1. There are federal and state laws regarding boating safety. State regs, published annually, are available free of charge at most yacht clubs, marinas and boating supply stores. Keep a current copy on hand, along with the Rules of the Road.
2. All kids must wear life jackets. This is non-negotiable, and it’s the law. (Check your state’s laws for specific ages.) You can set the example by wearing yours. And let older children see the film “The Guardian,” about Coast Guard rescue swimmers. The heroes all wear PFDs.
3. While PFDs are designed to keep kids afloat, you really want to keep them on board. No one wants to perform an MOB drill with children accidentally in the water. In addition to PFDs, you can secure them to the boat with harnesses and tethers attached to jackstays rigged to strong points on board. Even if someone does go overboard, the harness will keep him or her in contact with the boat and make retrieval easier.
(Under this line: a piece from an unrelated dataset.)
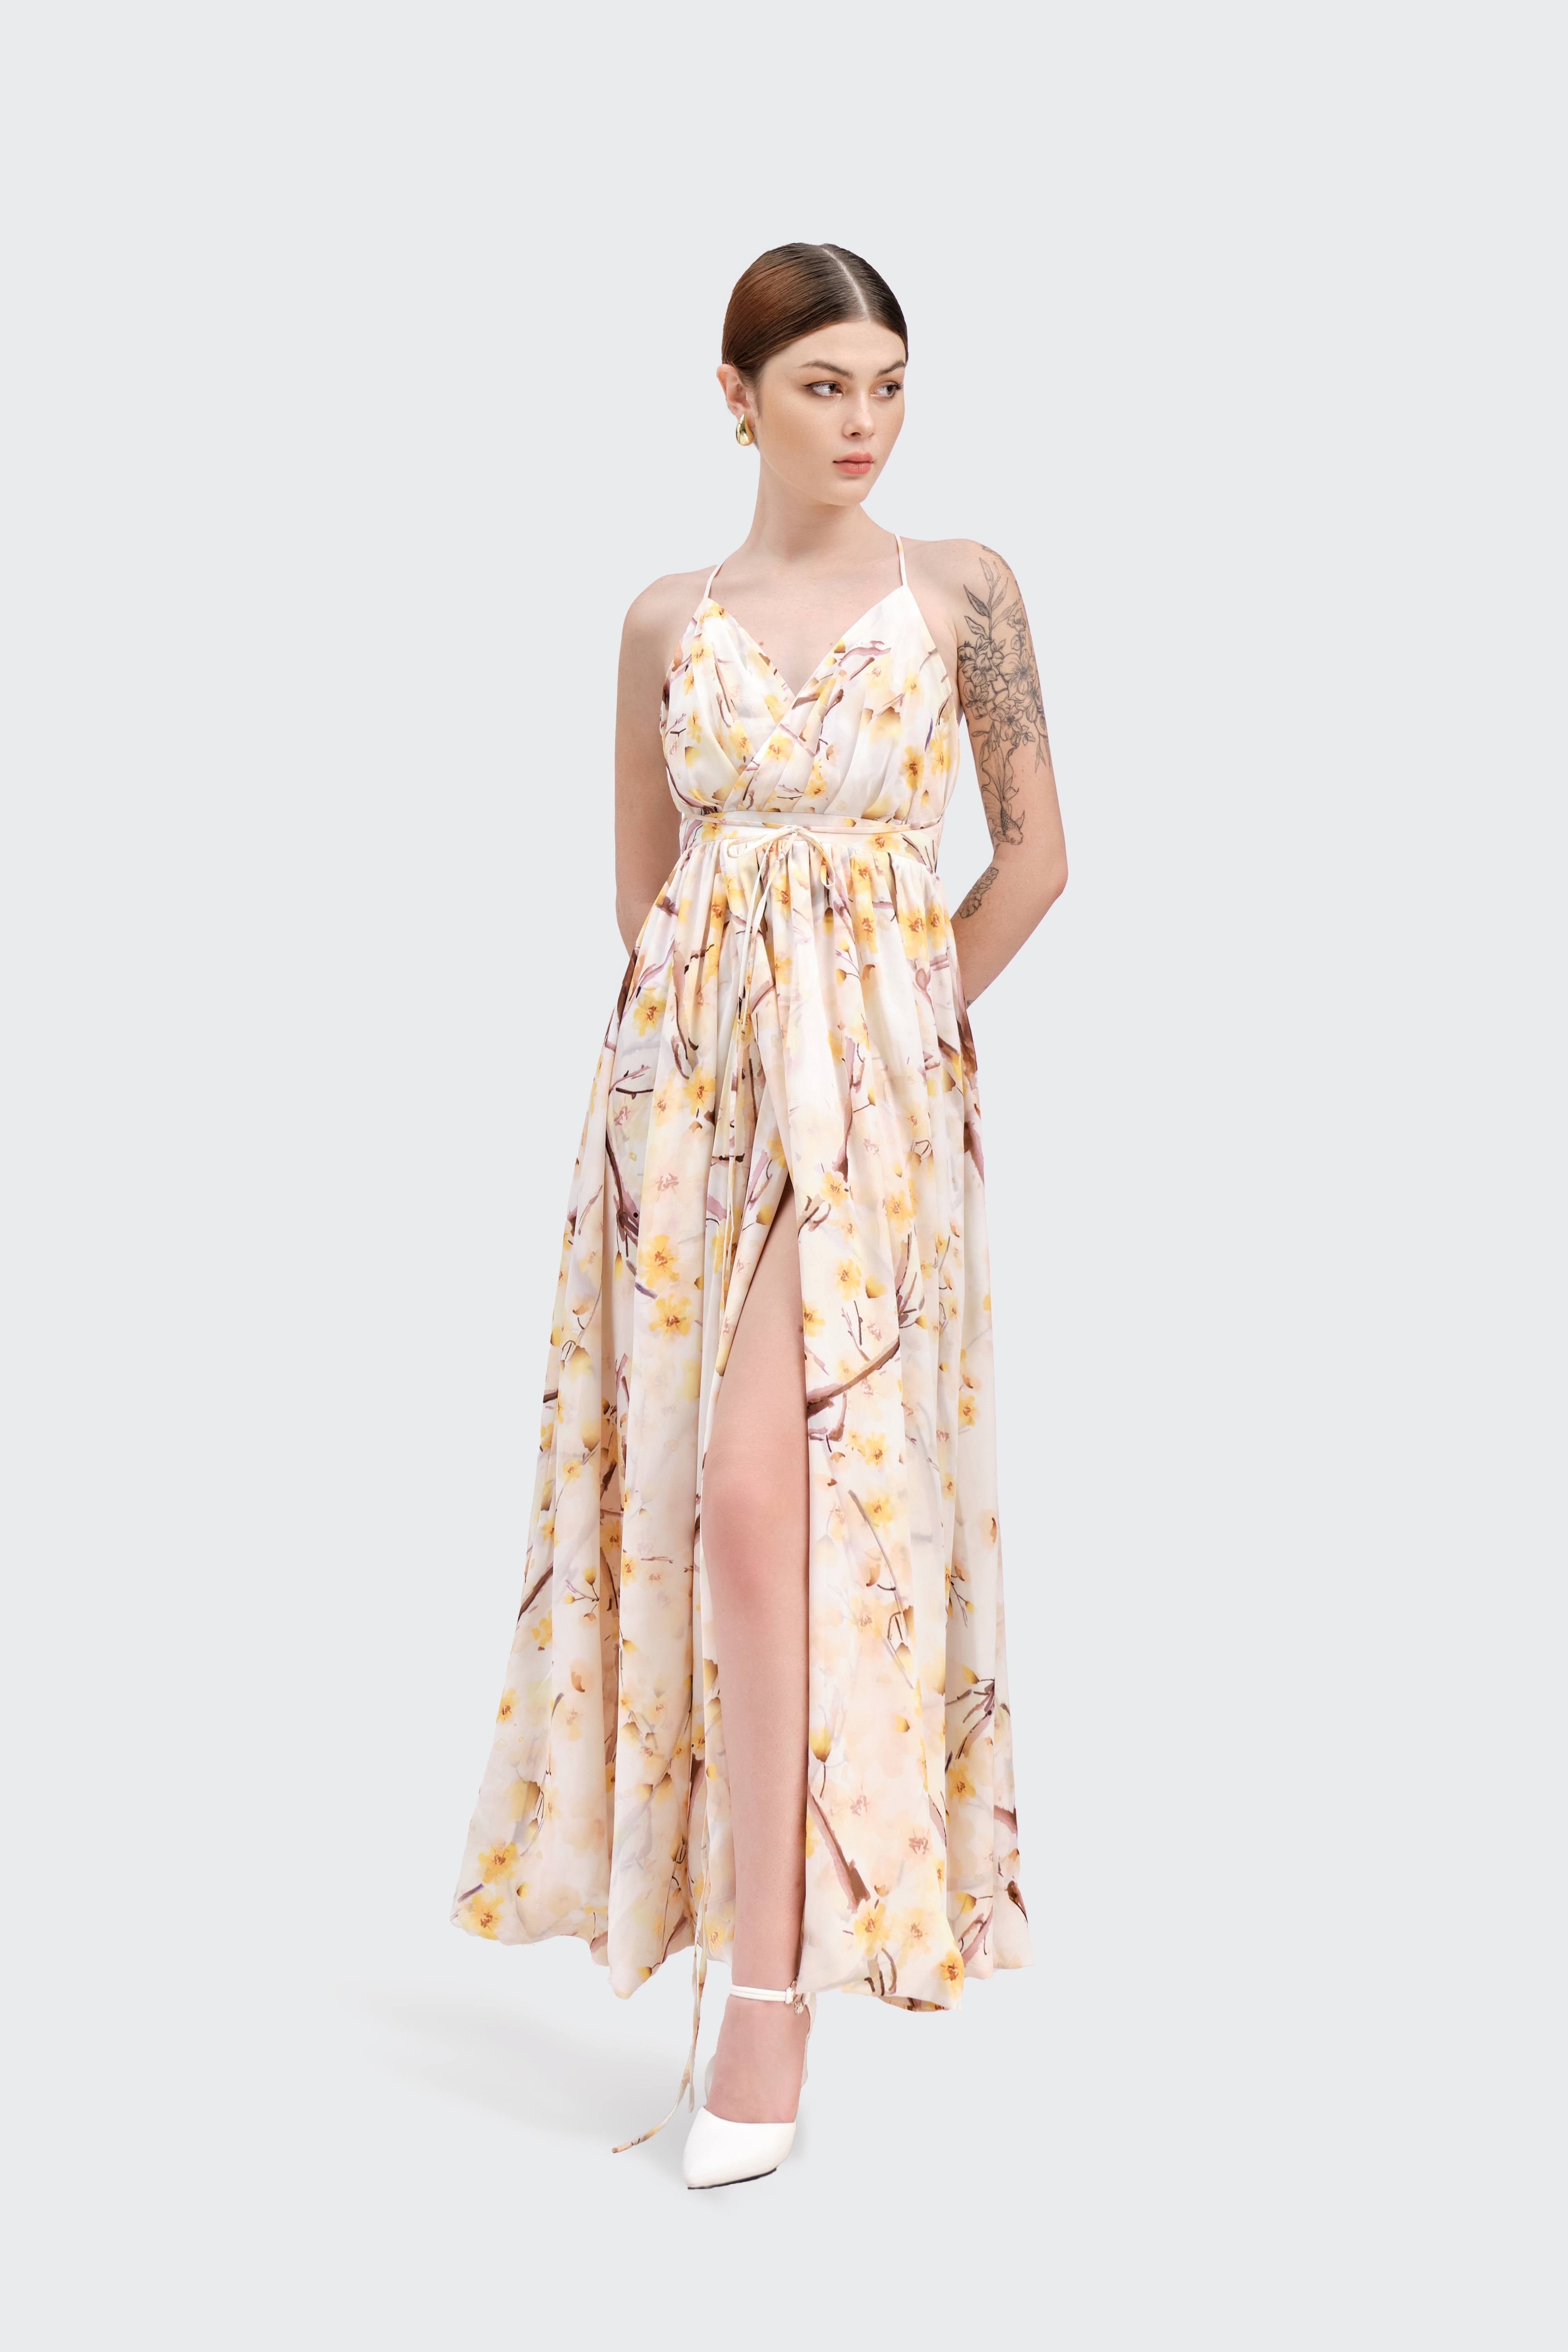 Ochna Blossom Maxi Dress

4. If you’ll be cruising with children, consider investing in a man overboard system. Systems like the MOBi-lert 720i (www.mobilert.com) and Raymarine LifeTag (www.raymarine.com) sound an alarm if someone unintentionally leaves the boat.
5. Remember, your confidence level in having prepared for the children’s safety will make you less likely to transmit insecurities to them.
6. Familiarize everyone with the boat before getting under way. Be consistent with what you call things on board. Proper nomenclature is less important than everyone knowing what you’re talking about and where things are. But don’t emulate a drill instructor; make it a game with prizes.
7. Have a sense of humor and keep your cool. Help kids buy into boating rather than just tagging along, but don’t force the issue. Catch them while they’re still young, and make a conscious effort to make boating a positive experience.
8. Let kids be active crewmembers, including maintaining the boat. If they want to help you prep the boat for the new season, great; if not, that’s OK, too. We worked hard at not showing our frustration if their (or their friends’) work wasn’t up to par.
9. At first, our time on the boat was short, as were our passages. The kids had games and books on board but no television. In time our daughters learned marlinespike seamanship; how to hand, reef and steer; and how to interpret weather signs. They helped select our cruising destinations and participated in the planning and preparation. When they were older and tall enough, they stood watch and did the steering. They took pride in how our boats looked and performed. Two of the three ended up better than I was at varnishing, and one is a better oarsman. When there were compliments for performance or appearance, they received the credit. It became their boat.
10. Of course, it wasn’t always as idyllic as it might sound — Capt. Bligh did occasionally accompany me on board — nor was our daughters’ enthusiasm constant. When they were in their teens, their personalities seemed to change dramatically. Yet somehow we still communicated when around boats. They’re now in their 40s, and they fondly recall boating. We succeeded. Good luck with your efforts.